In order to achieve the purpose, the following technical scheme is adopted in the disclosure:
the first aspect of the disclosure provides a space environment identification method for robot intelligent service.
A space environment identification method for robot intelligent service comprises the following steps:
acquiring at least one image of a spatial environment region to be identified;
acquiring a model by adopting a preset visual relationship according to the acquired image, acquiring article characteristics in the image and relationship characteristics among articles, and further acquiring a visual relationship triple of the articles in the image;
obtaining a model by using a preset attribute according to the obtained article characteristics to obtain the attribute of each article;
obtaining an article multiple relation graph in the current image according to the obtained visual relation triples of each article and the attributes of each article;
and processing each acquired image of the environment area to be identified to obtain an article multiple relation graph, and constructing a robot semantic visual space according to the article multiple relation graph of each acquired image to realize identification of the space environment.
A second aspect of the present disclosure provides a spatial environment recognition system for a robot-intelligent service.

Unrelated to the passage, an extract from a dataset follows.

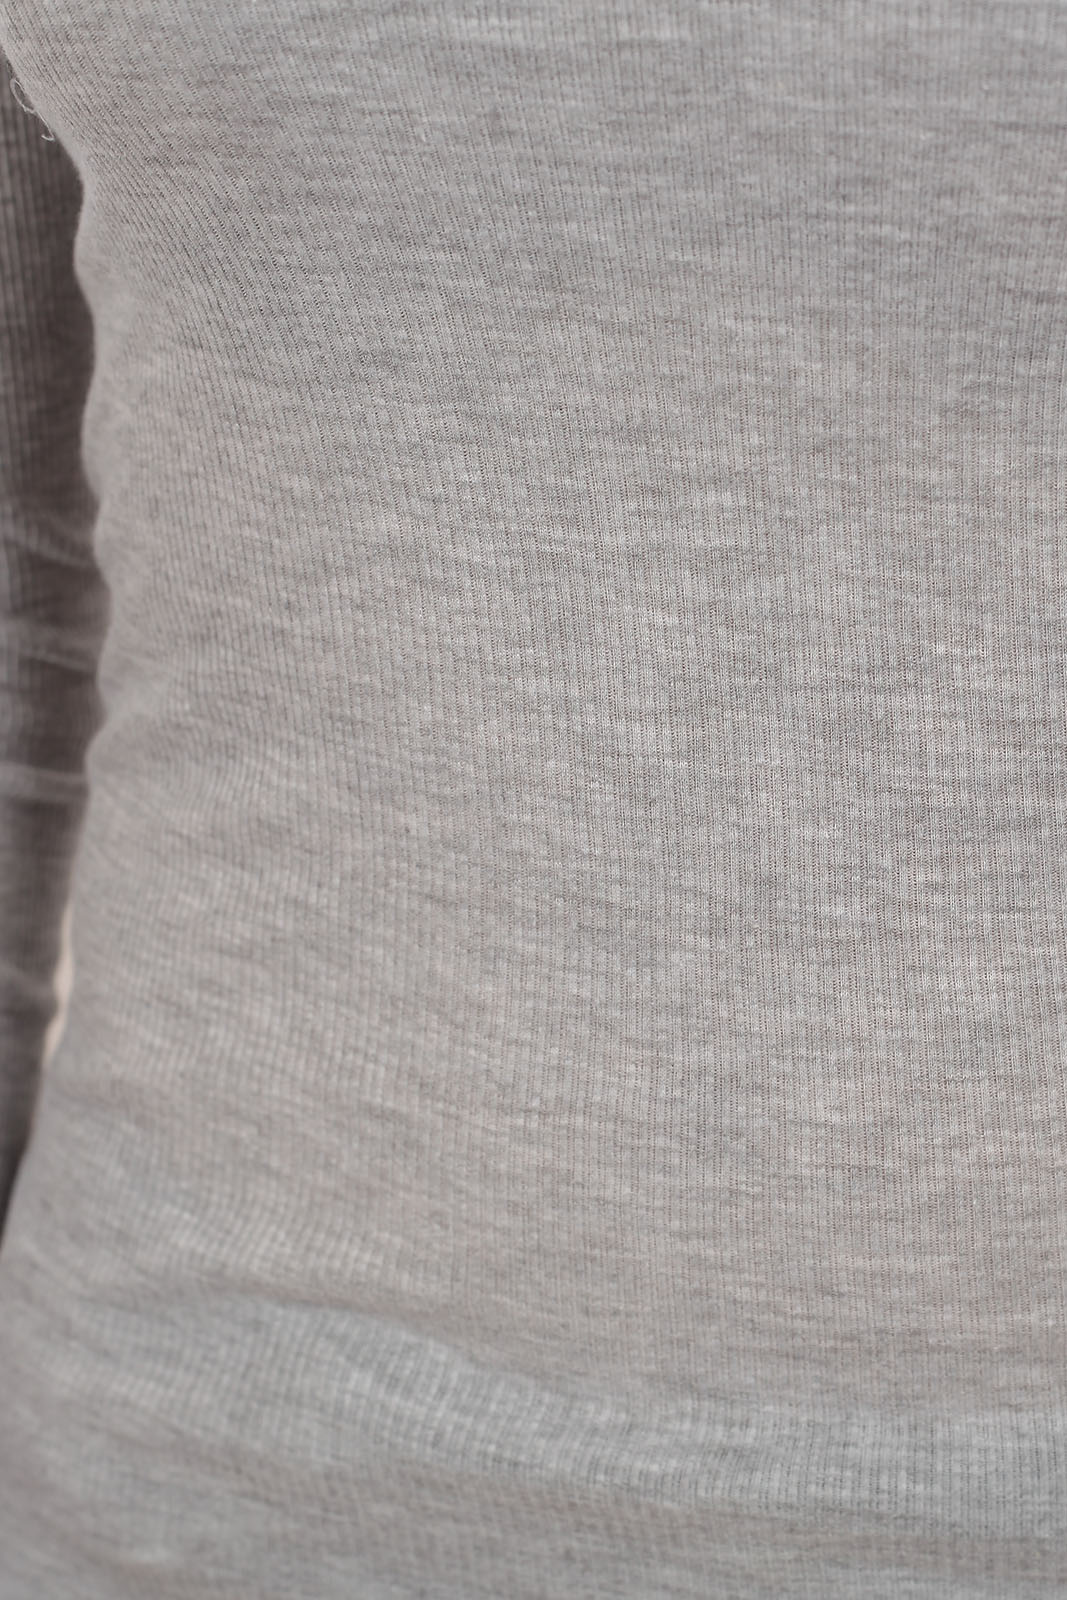 Серая женская кофта Cotton on. Модный минимализм, который должен быть в гардеробе каждой девушки и женщины

A spatial environment recognition system for robotic intelligence services, comprising:
a data acquisition module configured to: acquiring at least one image of a spatial environment region to be identified;
a visual relationship triplet acquisition module configured to: acquiring a model by adopting a preset visual relationship according to the acquired image, acquiring article characteristics in the image and relationship characteristics among articles, and further acquiring a visual relationship triple of the articles in the image;
an item attribute acquisition module configured to: obtaining a model by using a preset attribute according to the obtained article characteristics to obtain the attribute of each article;
an item multiple relationship diagram acquisition module configured to: obtaining an article multiple relation graph in the current image according to the obtained visual relation triples of each article and the attributes of each article;
an environment identification module configured to: and processing each image of the environment area to be identified to obtain an article multiple relation graph, and constructing a robot semantic visual space according to the obtained article multiple relation graph of each image to realize the identification of the environment.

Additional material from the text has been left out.